• Data block:
———
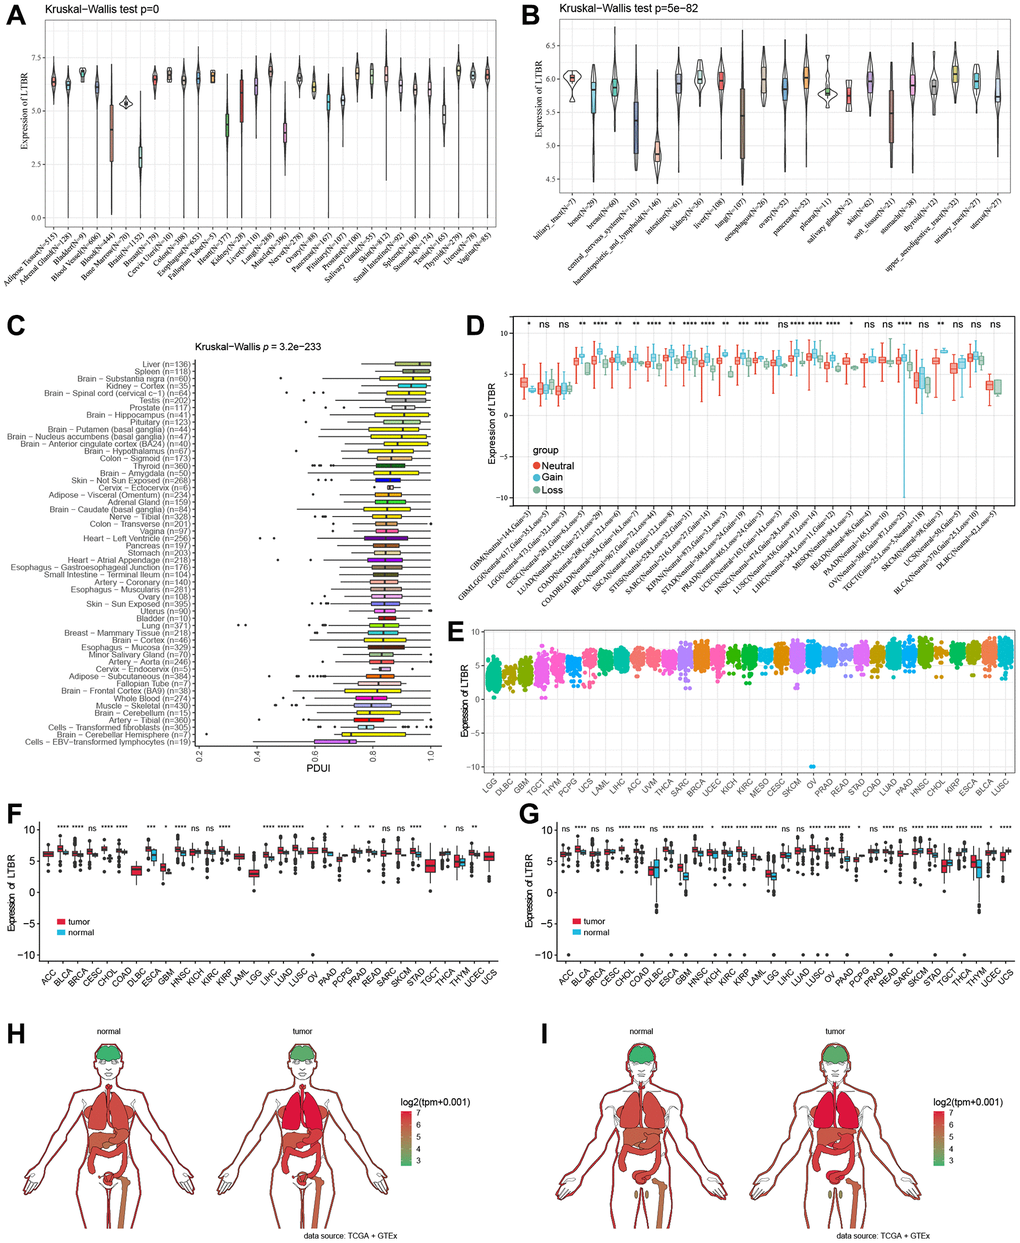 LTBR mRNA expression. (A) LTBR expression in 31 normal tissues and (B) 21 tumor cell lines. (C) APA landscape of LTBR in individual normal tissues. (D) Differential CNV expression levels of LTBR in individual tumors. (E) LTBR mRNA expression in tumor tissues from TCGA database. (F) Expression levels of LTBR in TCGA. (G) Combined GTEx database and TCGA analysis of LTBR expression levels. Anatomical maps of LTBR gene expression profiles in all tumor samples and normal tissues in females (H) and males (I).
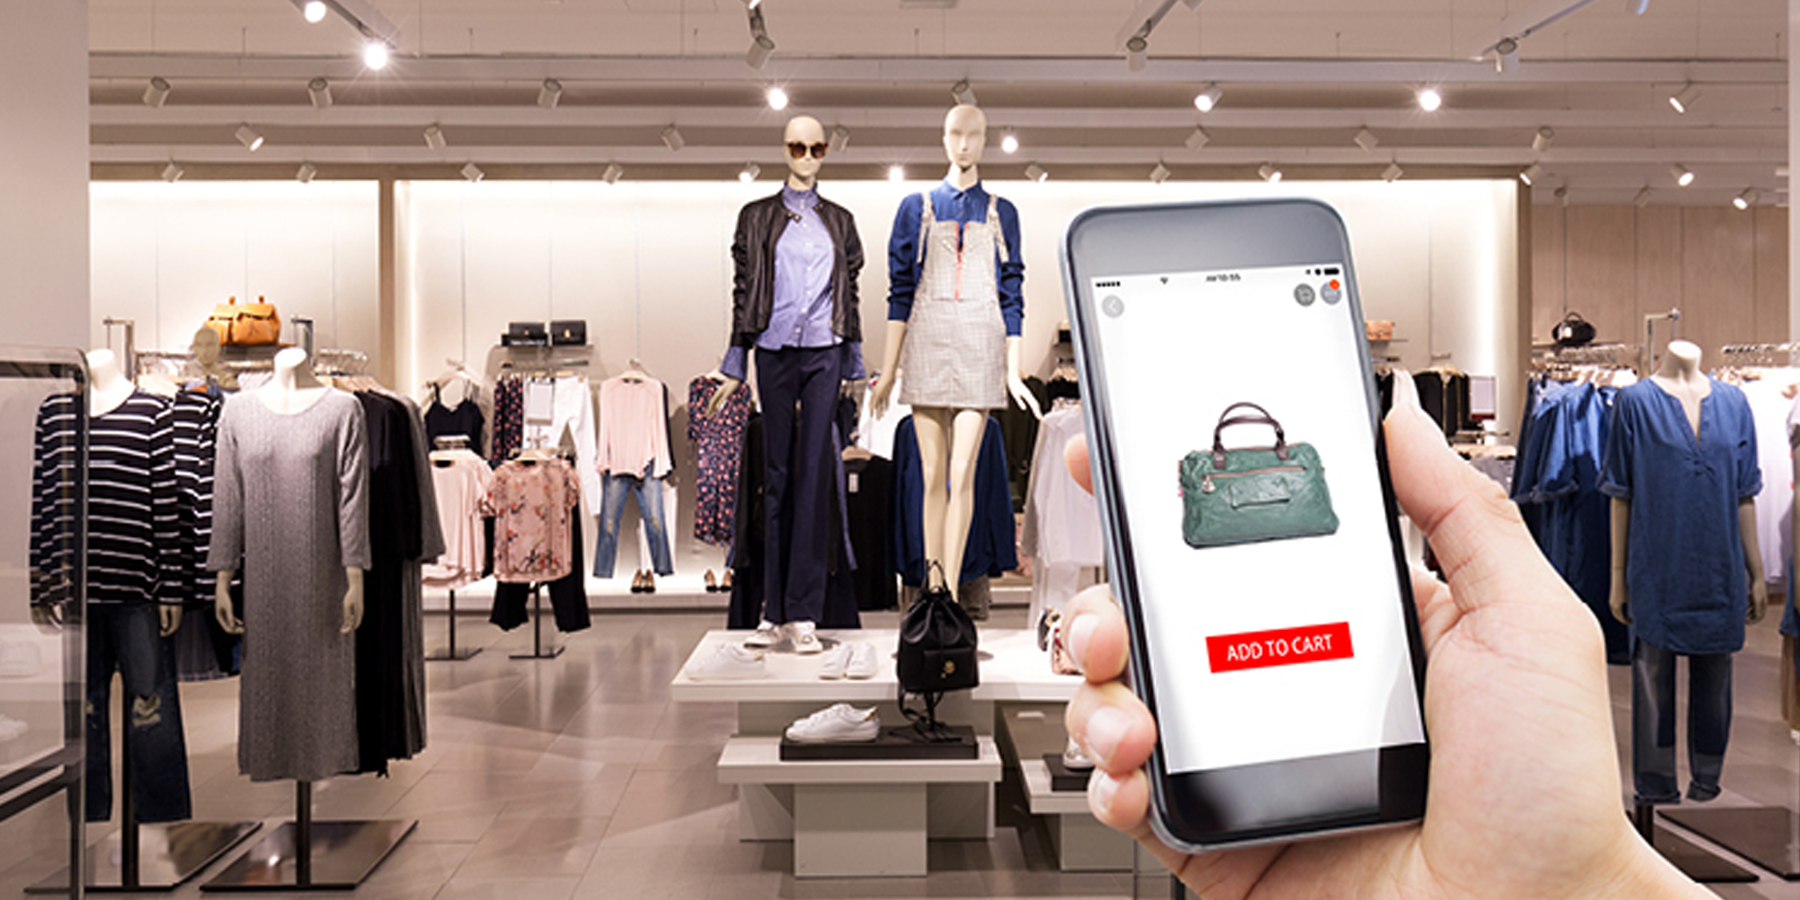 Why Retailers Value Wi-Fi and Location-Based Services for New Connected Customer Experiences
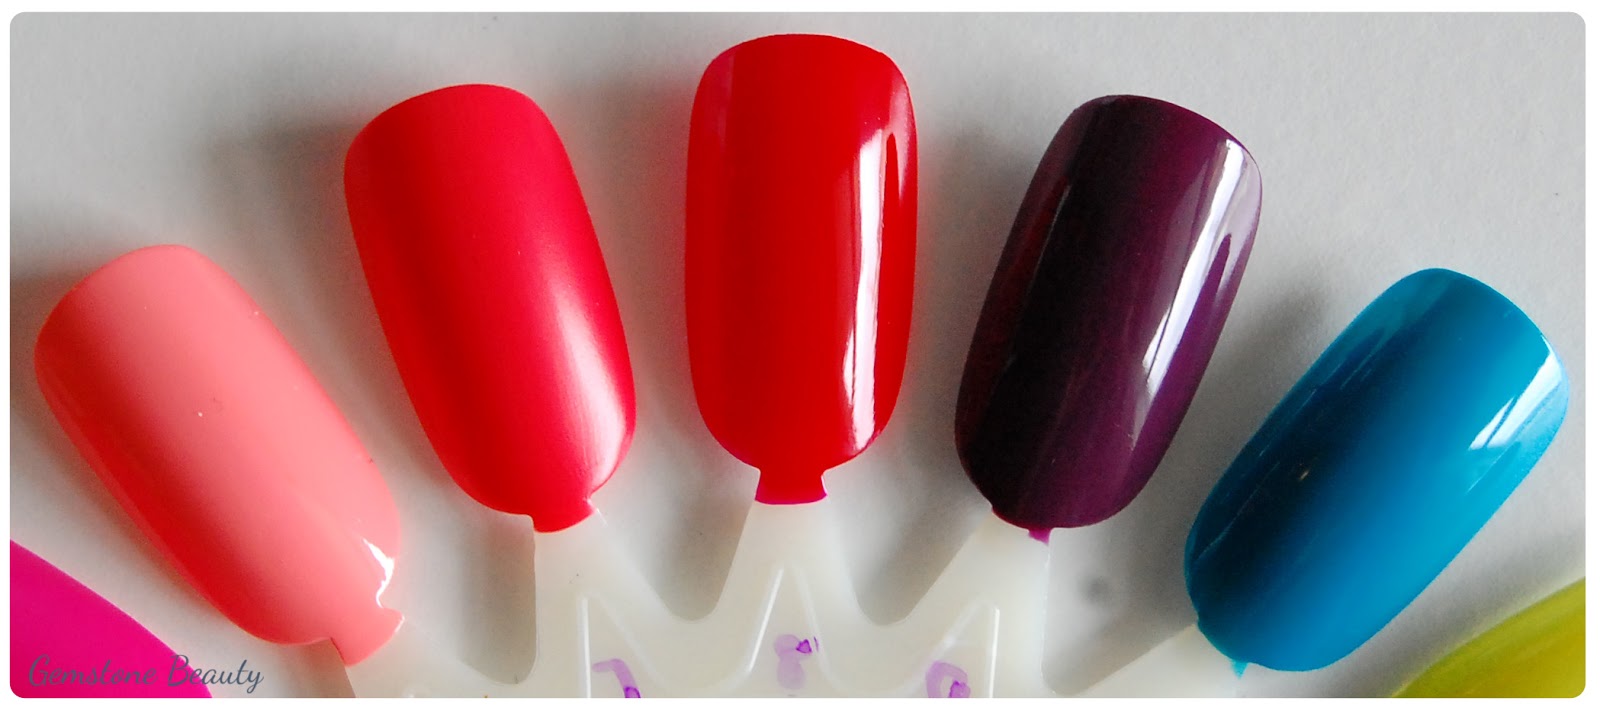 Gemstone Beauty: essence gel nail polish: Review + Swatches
———
• Activity: A word-for-word restatement of all the lines above is needed, with the pictures omitted.

• Worked solution:
 LTBR mRNA expression. (A) LTBR expression in 31 normal tissues and (B) 21 tumor cell lines. (C) APA landscape of LTBR in individual normal tissues. (D) Differential CNV expression levels of LTBR in individual tumors. (E) LTBR mRNA expression in tumor tissues from TCGA database. (F) Expression levels of LTBR in TCGA. (G) Combined GTEx database and TCGA analysis of LTBR expression levels. Anatomical maps of LTBR gene expression profiles in all tumor samples and normal tissues in females (H) and males (I).
 Why Retailers Value Wi-Fi and Location-Based Services for New Connected Customer Experiences
 Gemstone Beauty: essence gel nail polish: Review + Swatches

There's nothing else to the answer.